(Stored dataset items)
┌──
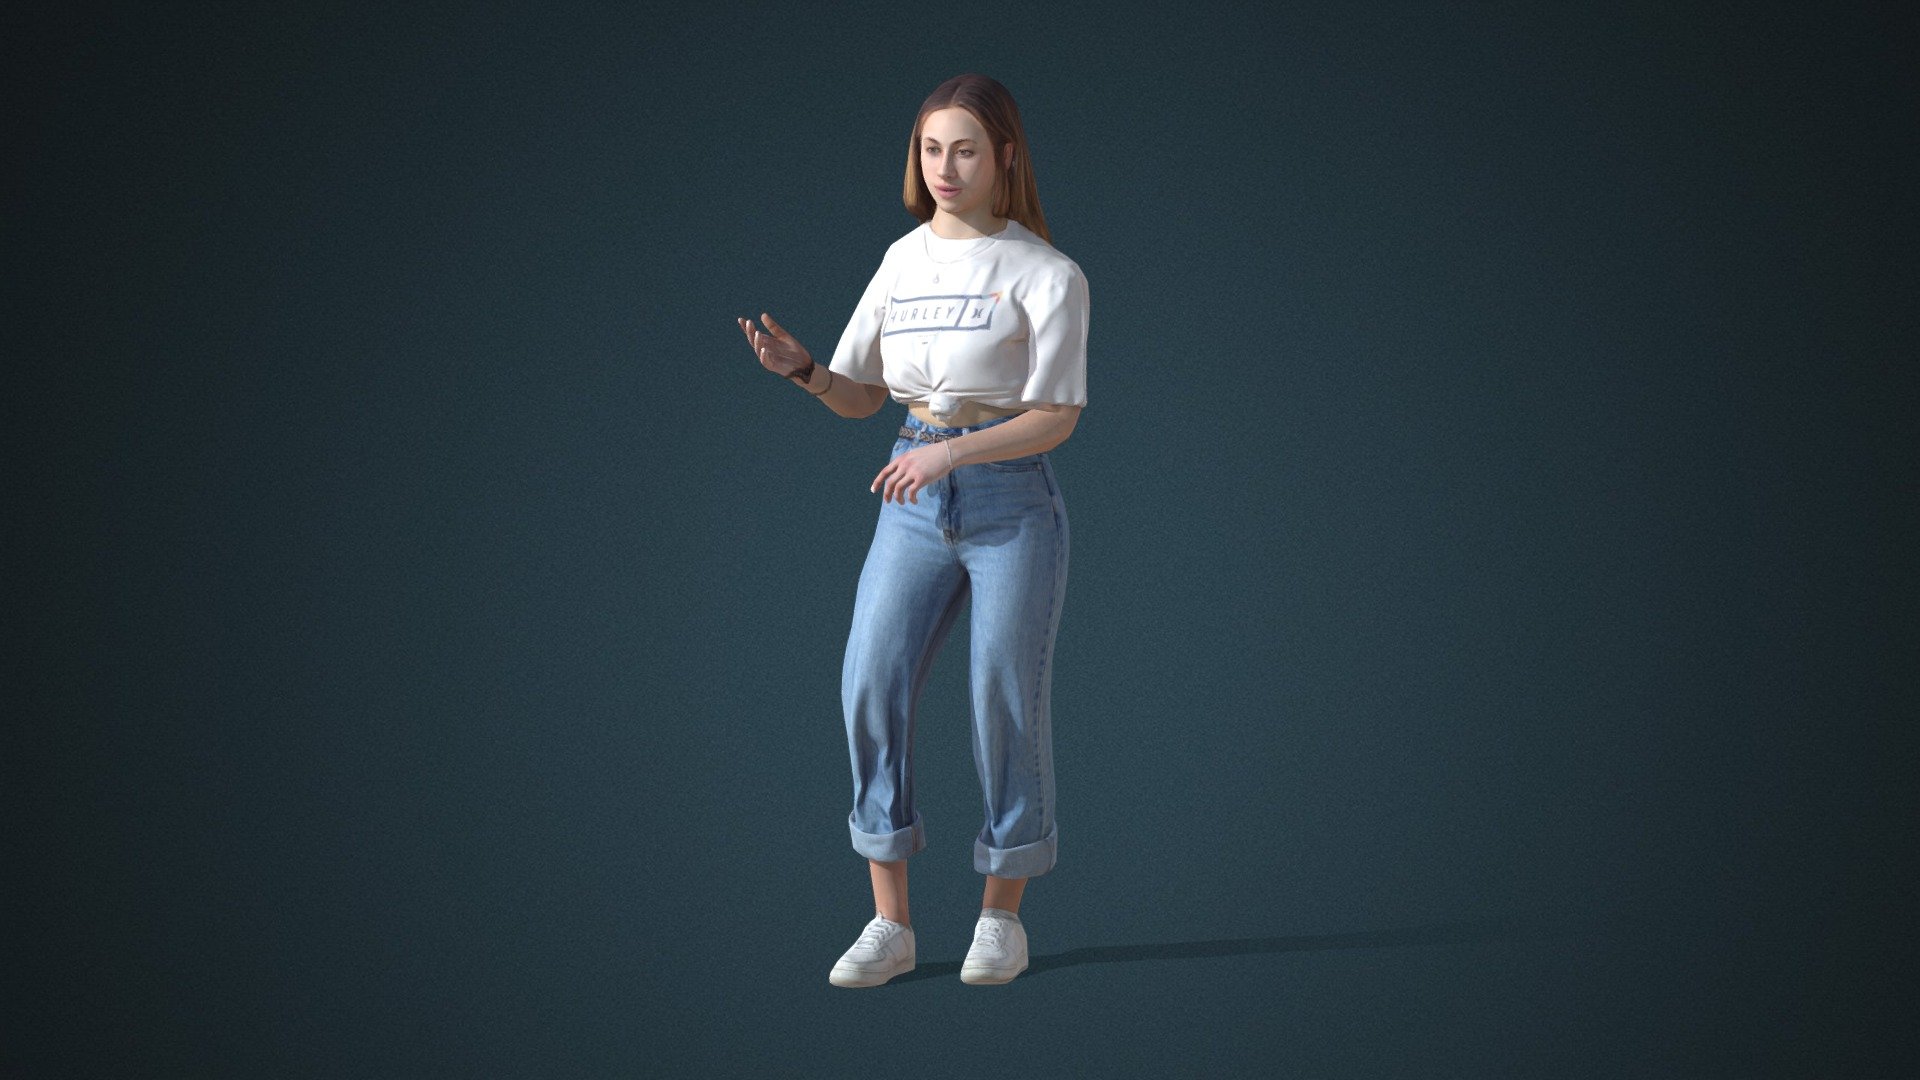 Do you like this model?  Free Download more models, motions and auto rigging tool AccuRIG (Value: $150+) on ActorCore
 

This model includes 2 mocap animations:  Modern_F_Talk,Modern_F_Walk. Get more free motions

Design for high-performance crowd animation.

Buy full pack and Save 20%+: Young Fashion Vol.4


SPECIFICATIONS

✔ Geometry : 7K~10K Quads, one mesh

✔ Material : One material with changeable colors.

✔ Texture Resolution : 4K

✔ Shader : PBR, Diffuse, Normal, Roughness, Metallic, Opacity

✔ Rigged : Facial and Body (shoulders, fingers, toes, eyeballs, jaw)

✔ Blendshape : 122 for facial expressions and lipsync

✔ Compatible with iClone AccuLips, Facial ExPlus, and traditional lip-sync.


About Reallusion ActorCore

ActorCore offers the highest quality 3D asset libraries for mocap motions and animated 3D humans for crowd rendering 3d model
└──
Using the records above, pull out each line where the word "with" occurs.

◆ Written answer:
✔ Material : One material with changeable colors.
✔ Compatible with iClone AccuLips, Facial ExPlus, and traditional lip-sync.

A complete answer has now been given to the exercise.